§ Aim of the exercise
If a record below holds a picture, leave the picture out and copy the rest exactly.

- Opening Delimiter -

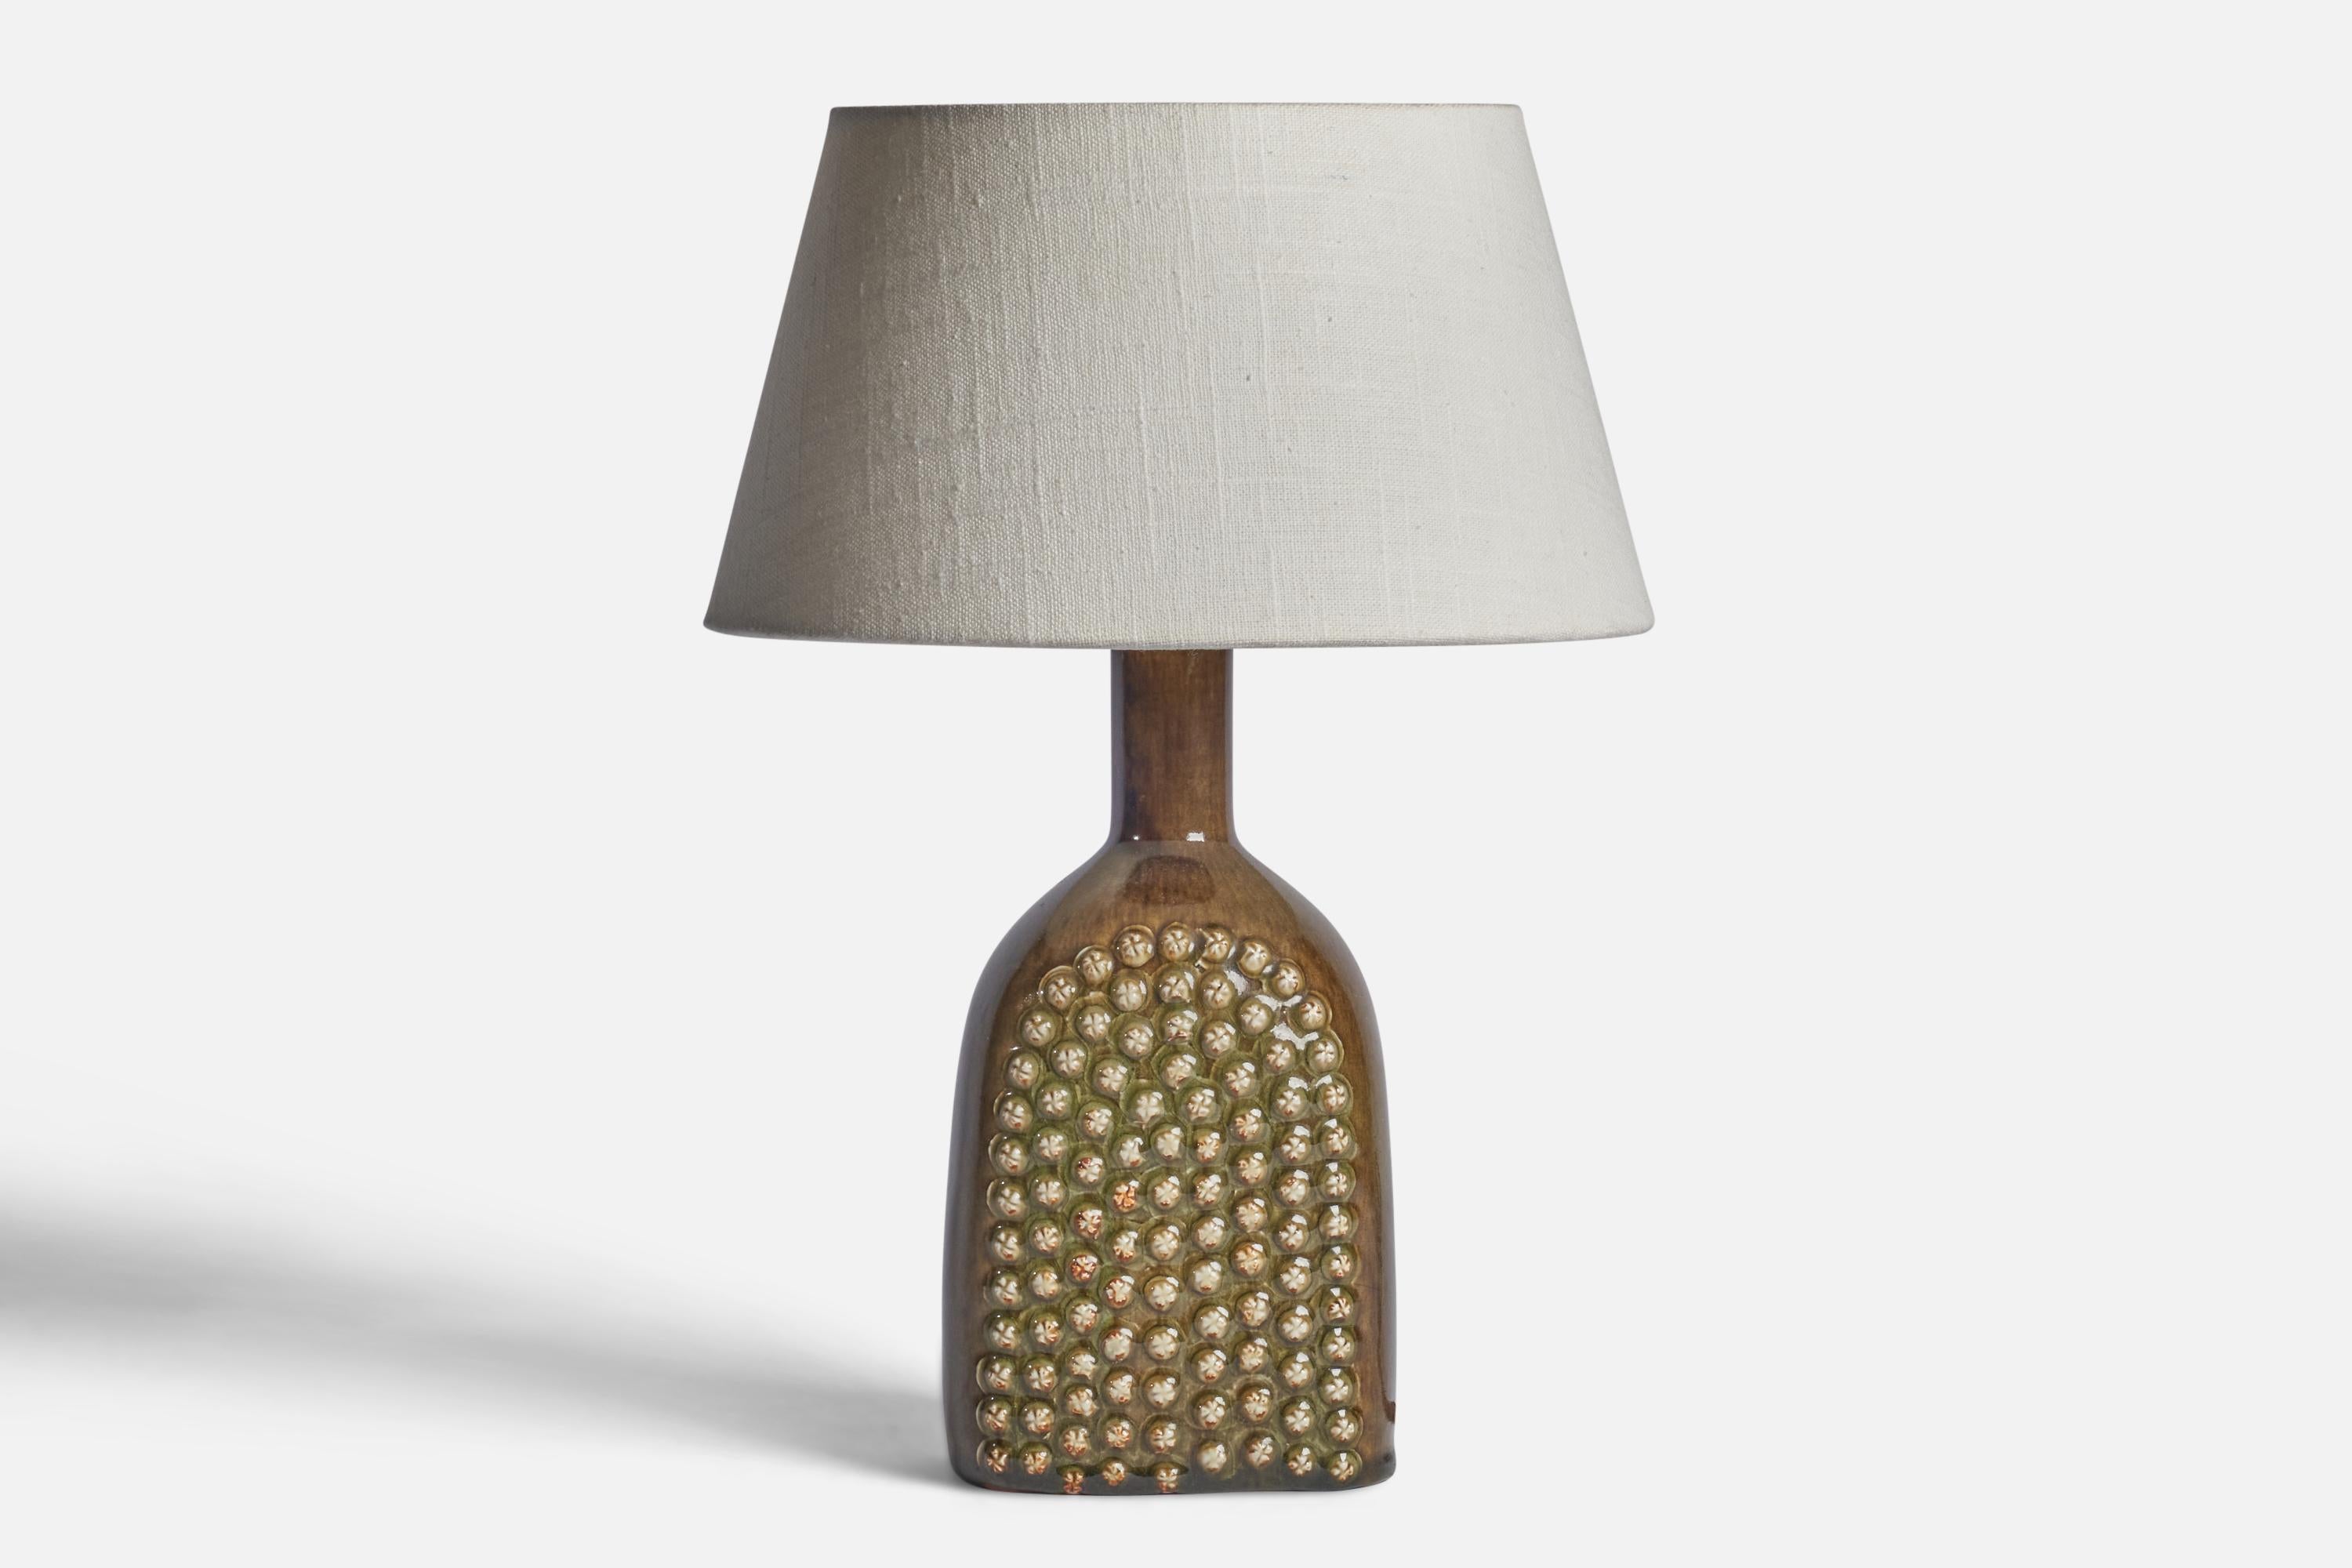 
Lampe de table en grès émaillé beige brun, conçue par Stig Lindberg et produite par Gustavsberg, Suède, années 1950.
Dimensions de la lampe (pouces) : 11.25
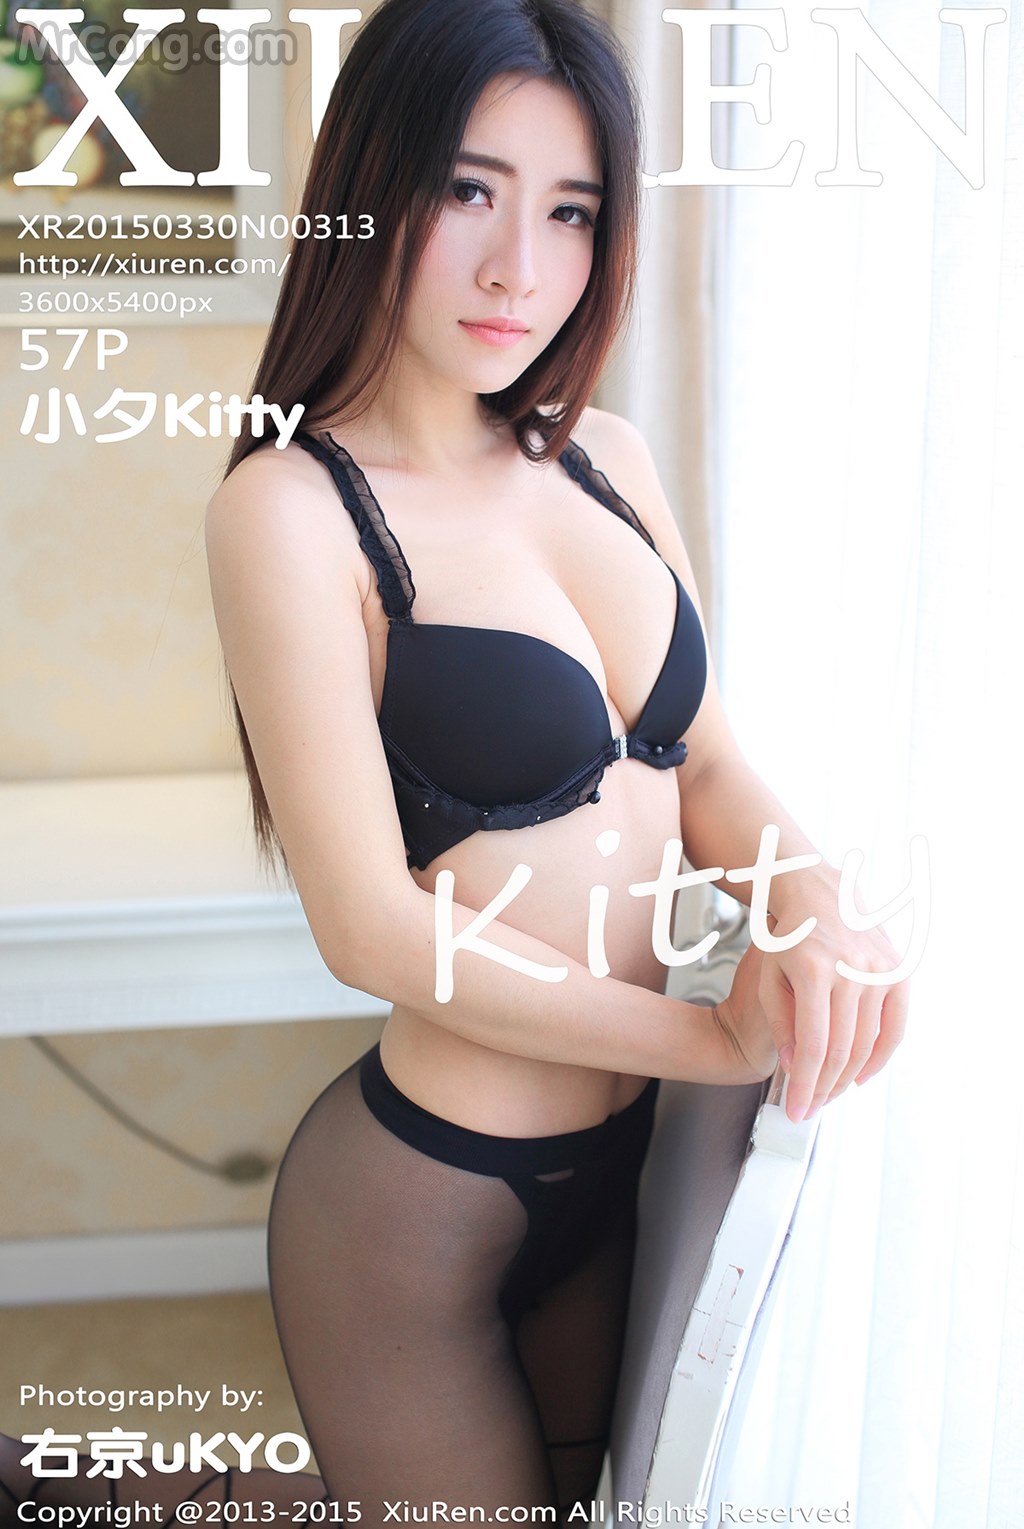 XIUREN No.313: Model Kitty (小 夕) (58 pictures)
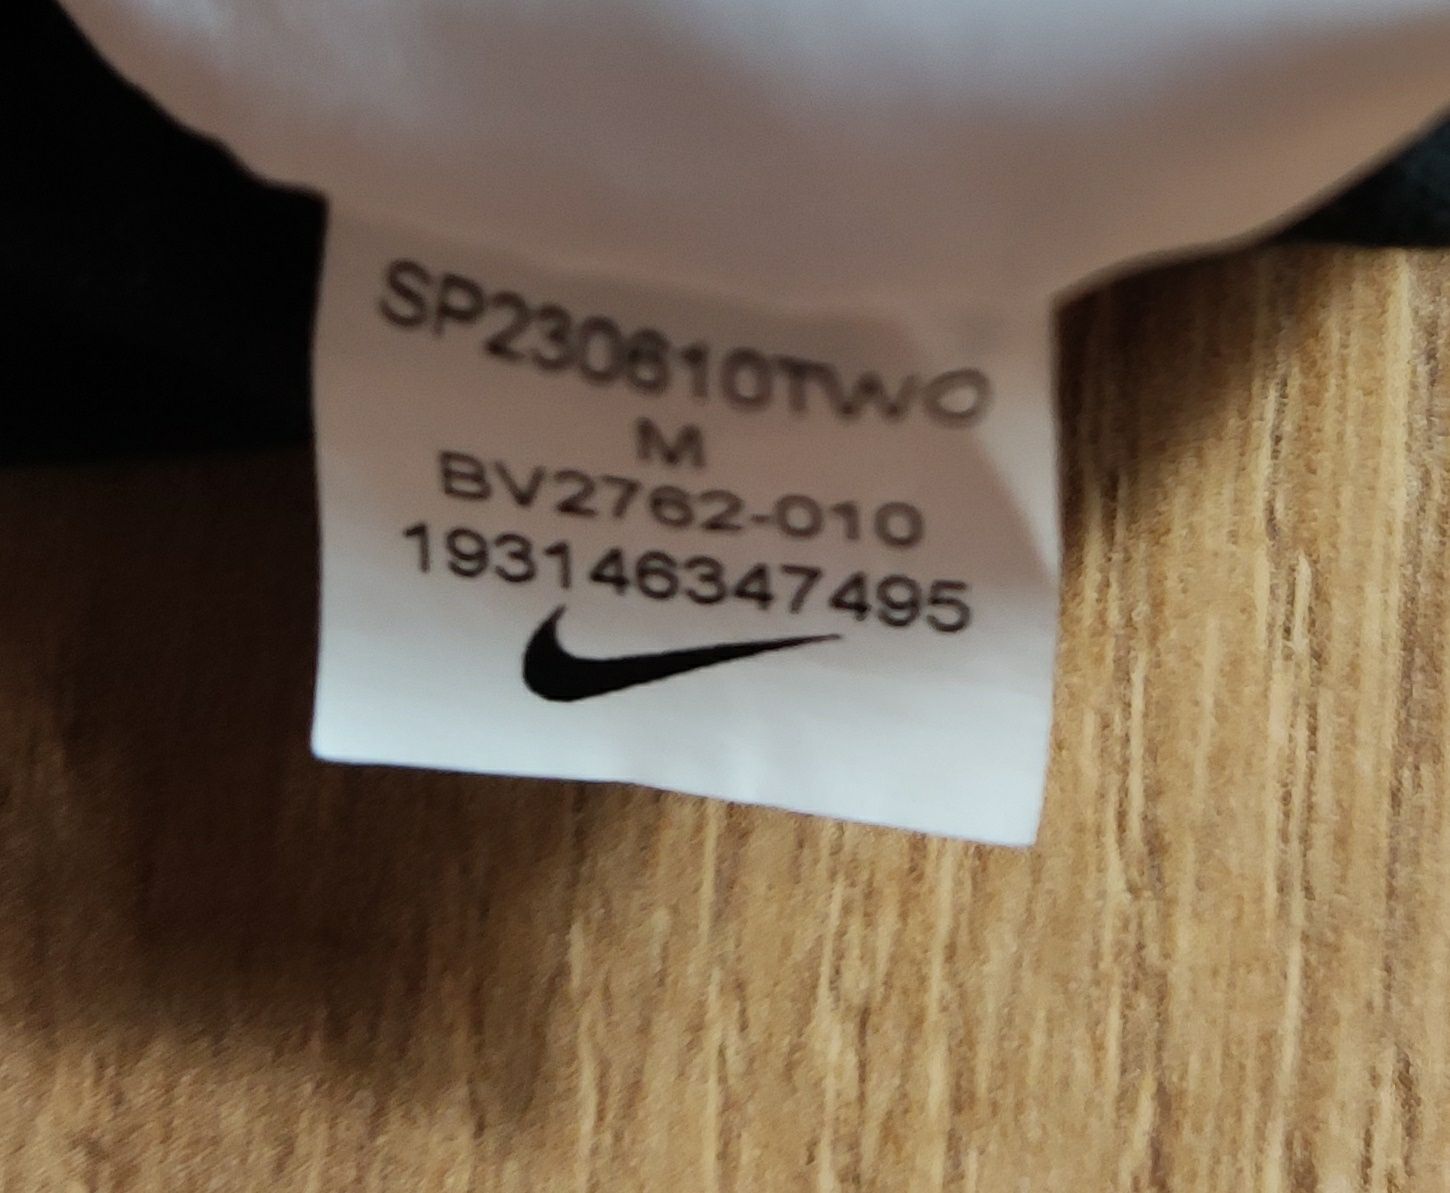 Nike męskie spodnie dresowe sportowe w rozmiarze M
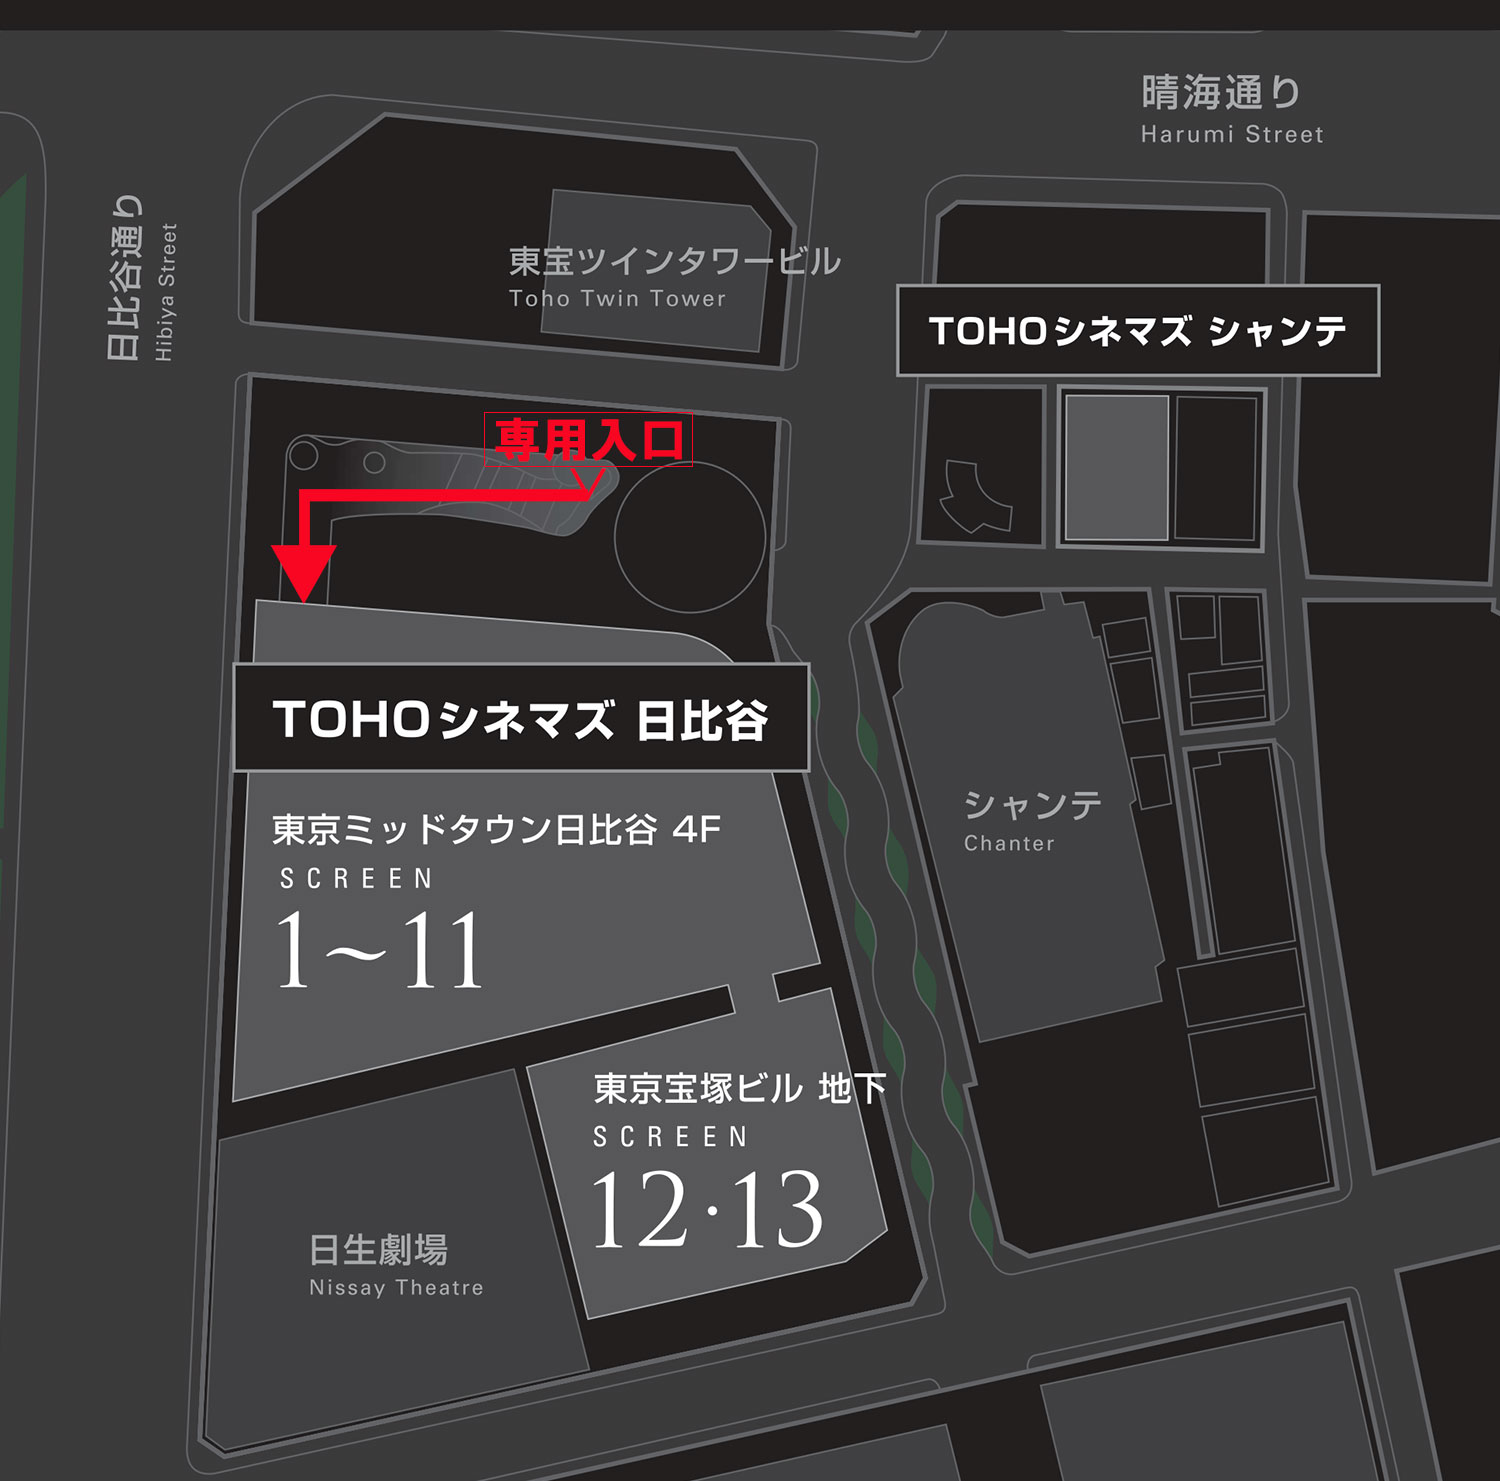 hibiya_map0330.jpg

- Closing Delimiter -

§ Response to the task
Lampe de table en grès émaillé beige brun, conçue par Stig Lindberg et produite par Gustavsberg, Suède, années 1950.
Dimensions de la lampe (pouces) : 11.25
 XIUREN No.313: Model Kitty (小 夕) (58 pictures)
 Nike męskie spodnie dresowe sportowe w rozmiarze M
 hibiya_map0330.jpg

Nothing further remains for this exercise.